A Terapia Familiar me ensinou que nenhuma história pode ser resumida ao comportamento de alguém. Hoje compreendo que, antes de qualquer julgamento, existe uma trajetória, um contexto, perdas, afetos e condições de vida que precisam ser considerados.

Talvez a maior transformação tenha sido aprender a escutar. Escutar sem pressa, sem a necessidade de oferecer soluções imediatas e sem reduzir a experiência humana a diagnósticos.

Também passei a enxergar com mais clareza como os sofrimentos individuais estão profundamente ligados às questões sociais. Não existe saúde mental desconectada das condições de trabalho, da moradia, da educação, do acesso à saúde, da segurança e do direito de existir com dignidade.

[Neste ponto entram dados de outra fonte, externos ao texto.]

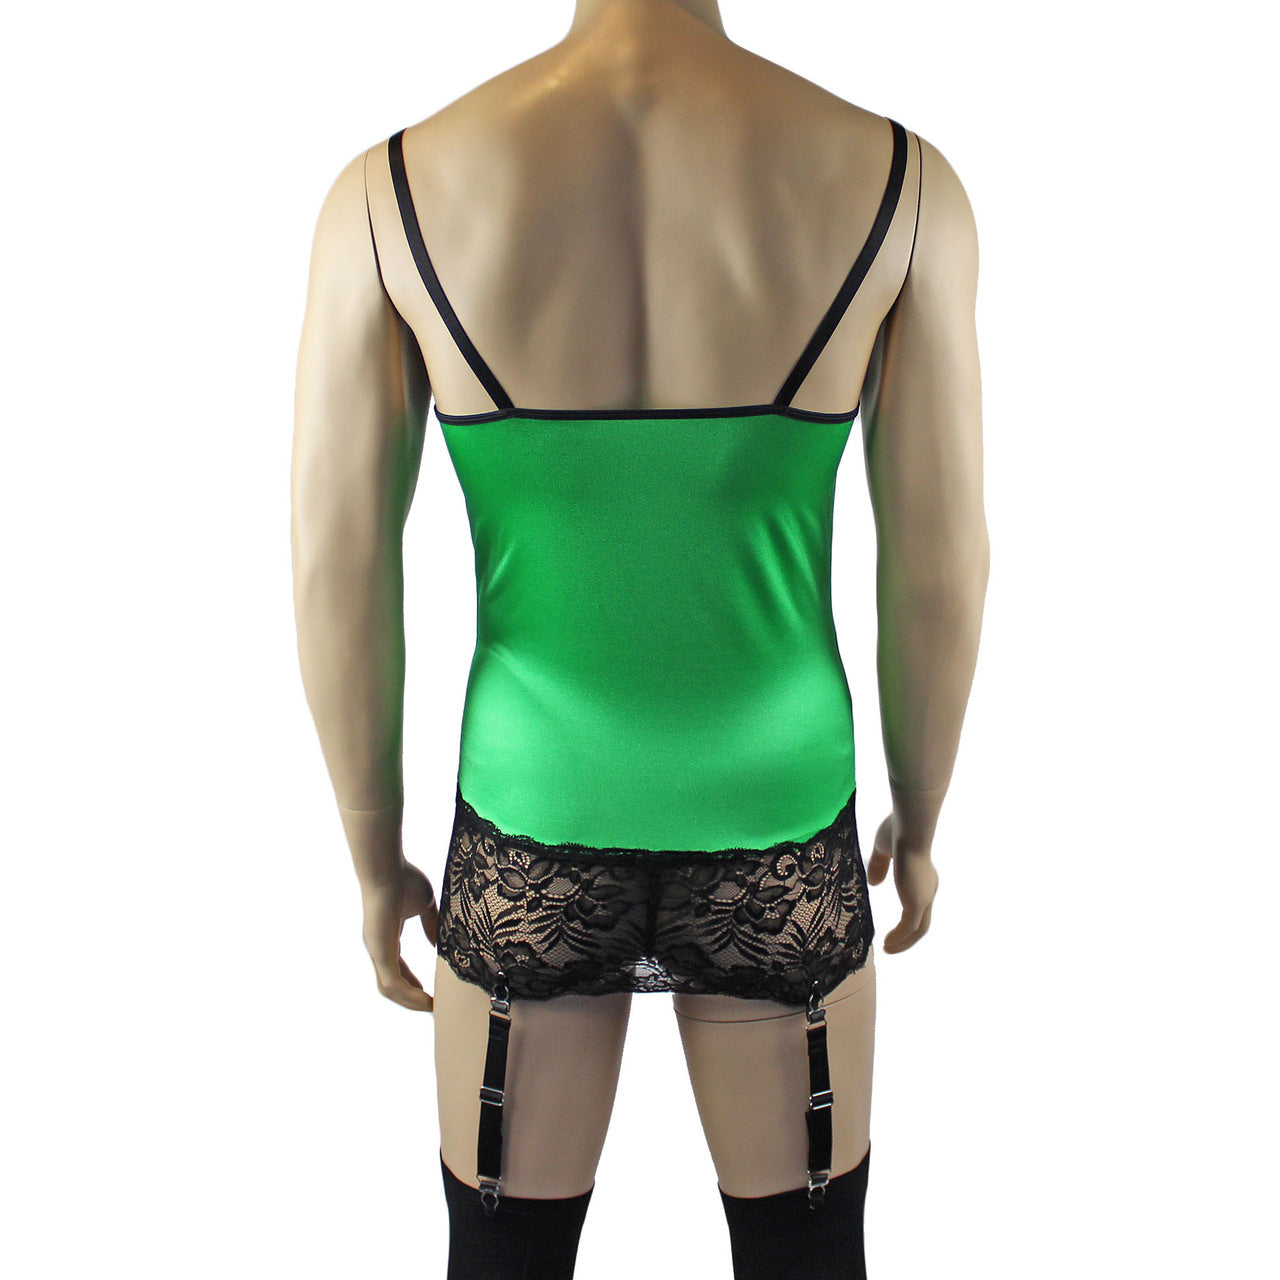 Mens Risque Camisole Mini Dress Chemise & G string (green and black plus other colours)

Os atendimentos me tornou mais sensível à complexidade das pessoas e mais comprometido com uma prática baseada no respeito, na ética e na humanidade.

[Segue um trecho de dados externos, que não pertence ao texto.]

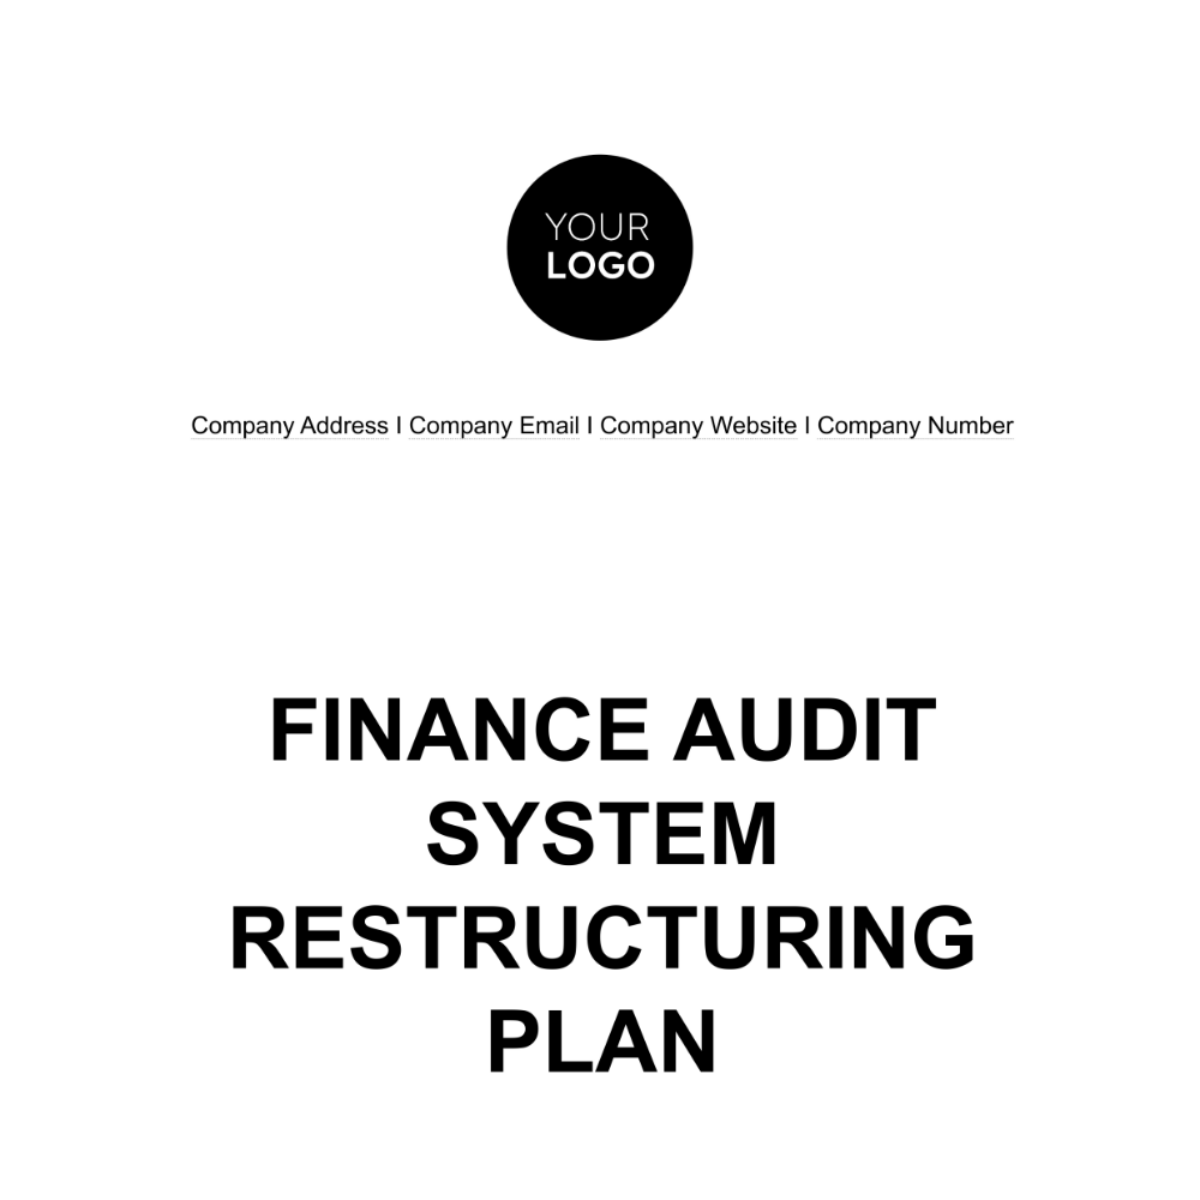 Free Finance Audit System Restructuring Plan Template

Celso Cristiano: “A Filosofia amplia nossa capacidade de pensar criticamente, de reconhecer diferentes modos de viver e de evitar respostas simplistas para problemas complexos.”

5) De que maneira a Filosofia, historicamente, contribui para a Psicologia?

A Filosofia é uma das grandes bases da Psicologia. Muito antes da Psicologia existir como ciência, filósofos já se perguntavam o que é o ser humano, o que é a consciência, a liberdade, o sofrimento, o desejo, o sentido da vida e a ética.

Essas perguntas continuam presentes dentro dos consultórios. A terapia, por exemplo, não trata apenas de sintomas; ela também lida com questões profundamente humanas que atravessam a existência.

Por isso, a Filosofia amplia nossa capacidade de pensar criticamente, de reconhecer diferentes modos de viver e de evitar respostas simplistas para problemas complexos.

6) Você poderia mencionar um filósofo que considera determinante para abordagens clínicas? Que tipo de conhecimento filosófico é indispensável dentro de um consultório?

É difícil escolher apenas um filósofo, porque diferentes autores contribuem de maneiras distintas para a prática clínica.

Entre eles, considero Martin Buber especialmente importante por compreender que o ser humano se constitui na relação com o outro. Sua filosofia do encontro nos lembra que a presença, a escuta e o reconhecimento são elementos fundamentais em qualquer processo terapêutico.

Também encontro grande inspiração em Emmanuel Levinas, ao destacar a responsabilidade ética diante do outro, e em Paulo Freire, cuja compreensão sobre diálogo, dignidade e contexto social amplia nossa forma de compreender o sofrimento humano, especialmente em um país tão desigual quanto o Brasil.

Mais do que decorar conceitos filosóficos, considero indispensável cultivar uma postura filosófica: questionar certezas, respeitar a singularidade de cada pessoa, reconhecer que ninguém pode ser reduzido a um diagnóstico e compreender que cuidar da saúde mental também significa olhar para as condições sociais que atravessam cada existência.